▶ _Exercise details_
The line with "Acne Studios Drop", the line with "A striking green", and all lines between them in the material below: return these exactly, and no others.
══ Listed entries
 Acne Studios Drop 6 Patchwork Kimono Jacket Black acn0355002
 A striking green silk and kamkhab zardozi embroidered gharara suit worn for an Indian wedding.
════
══ Listed entries
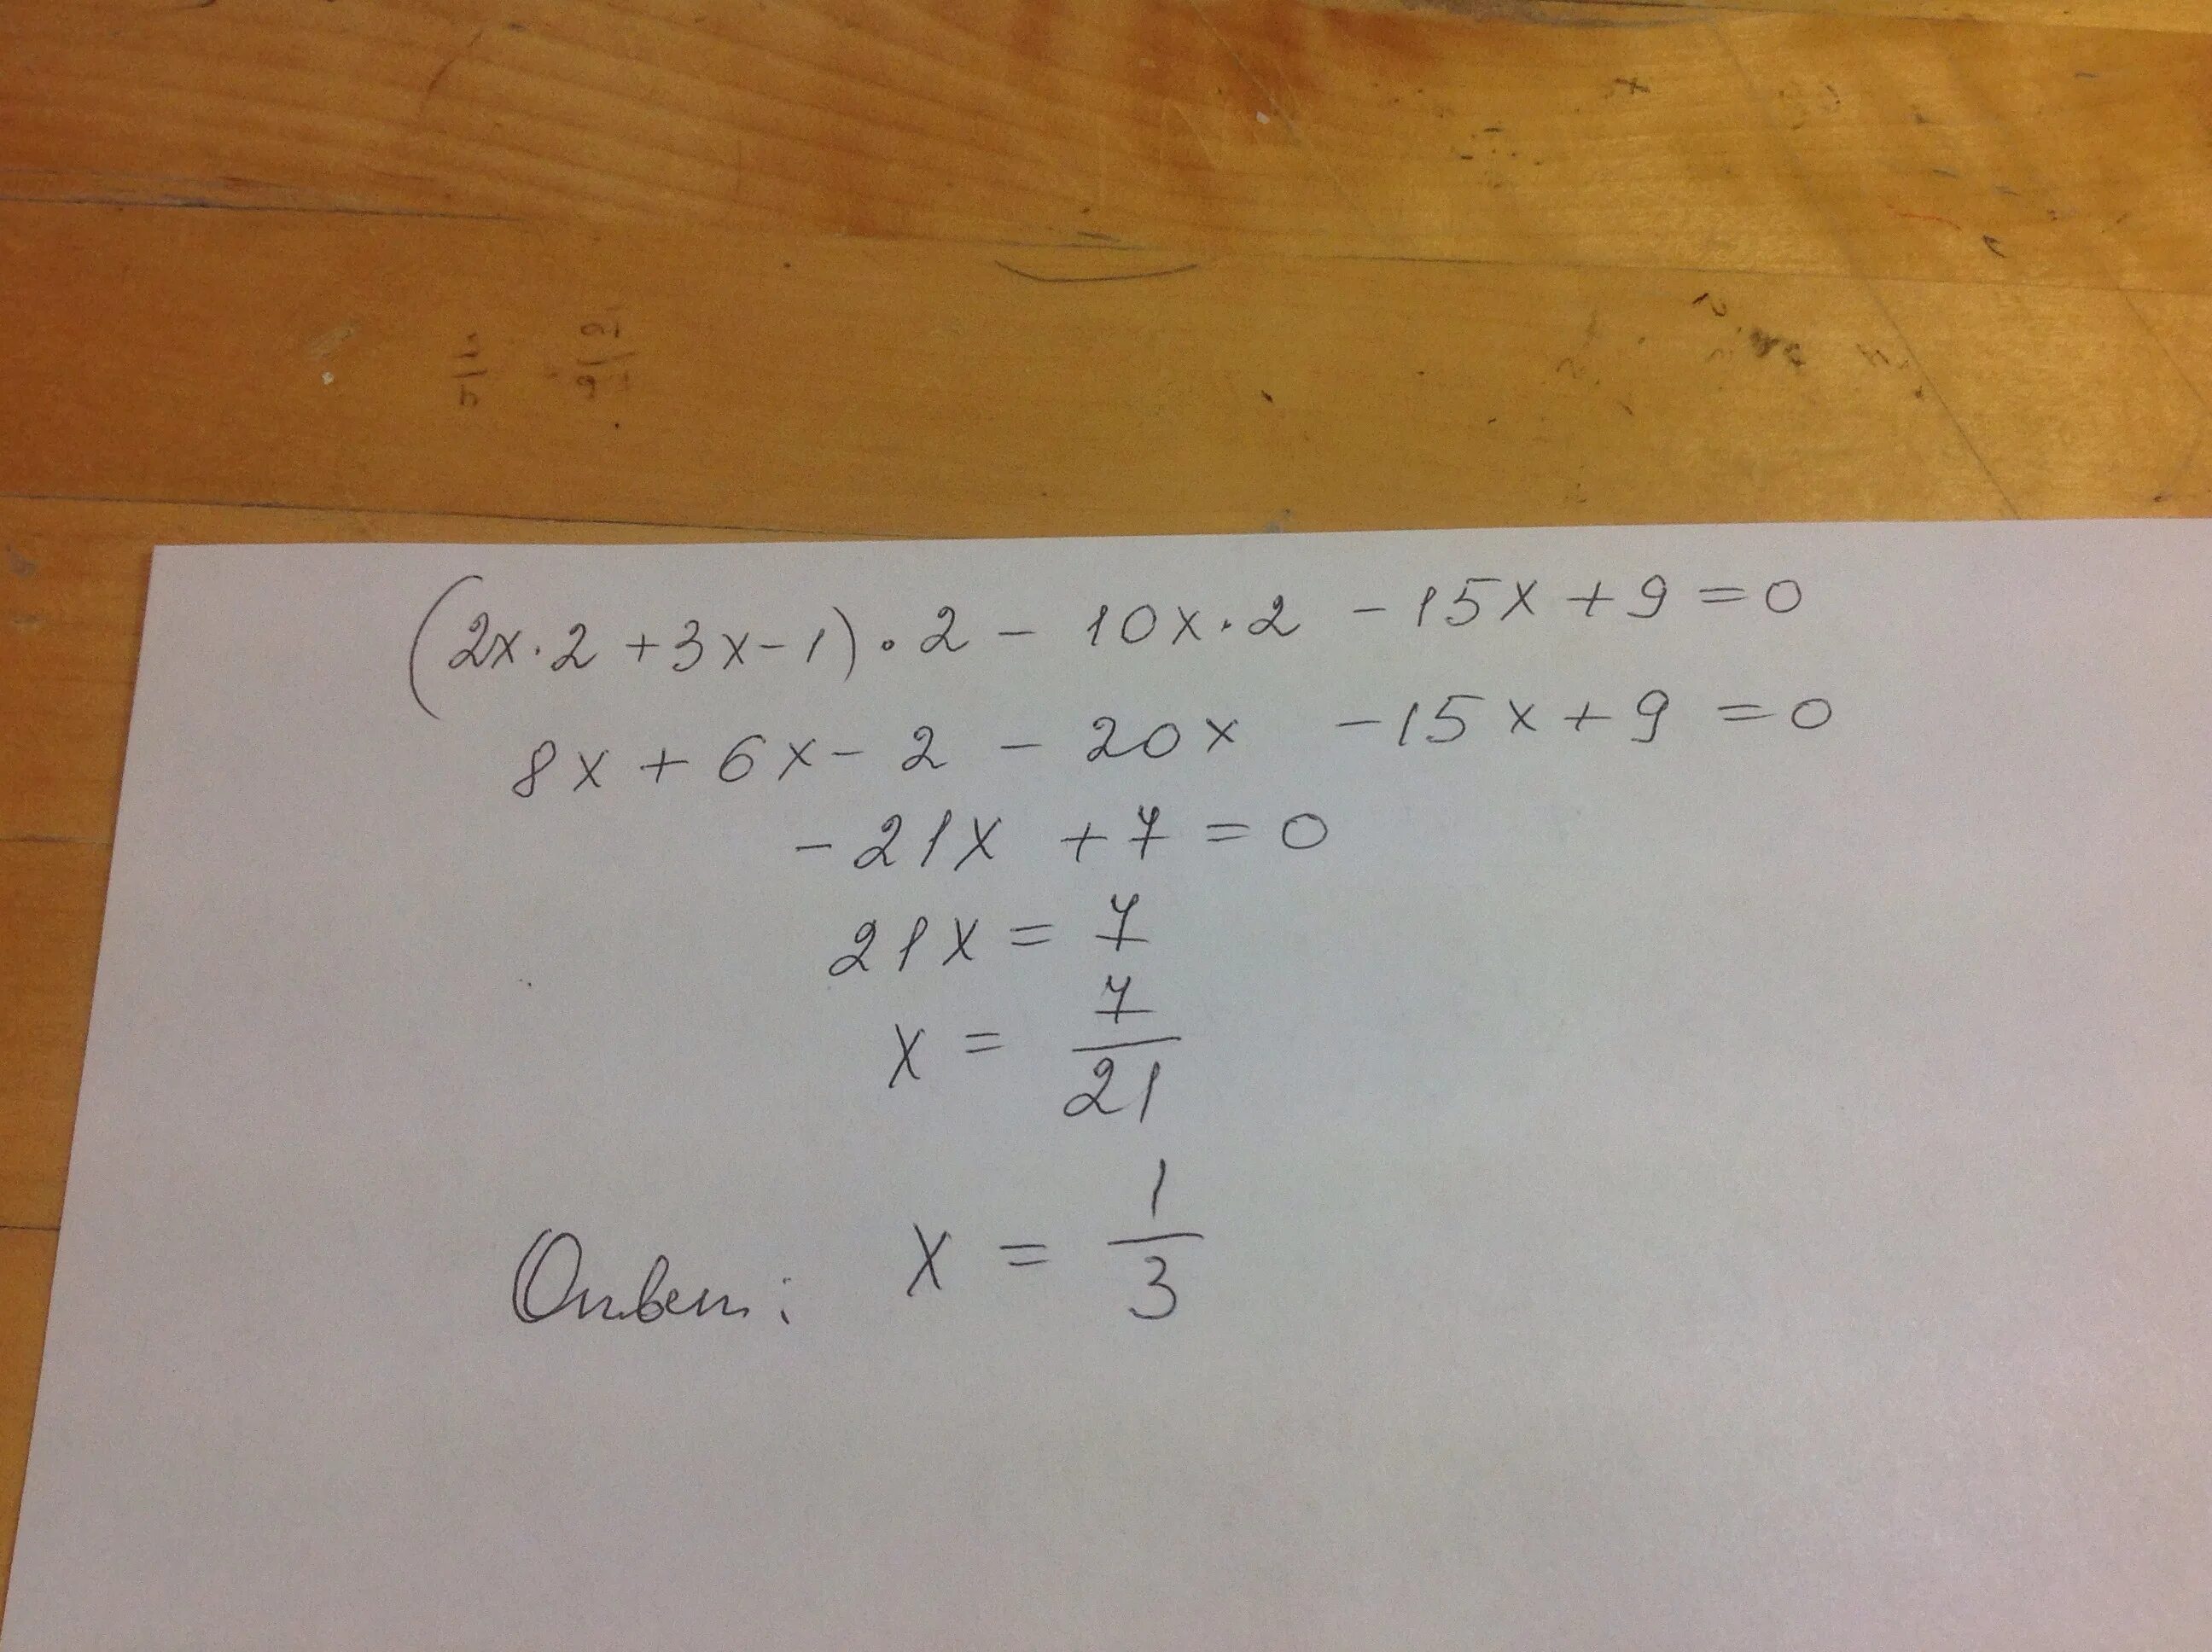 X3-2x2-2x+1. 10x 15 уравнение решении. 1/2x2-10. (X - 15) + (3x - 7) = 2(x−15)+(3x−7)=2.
════
▶ _Reply to the task_
 Acne Studios Drop 6 Patchwork Kimono Jacket Black acn0355002
 A striking green silk and kamkhab zardozi embroidered gharara suit worn for an Indian wedding.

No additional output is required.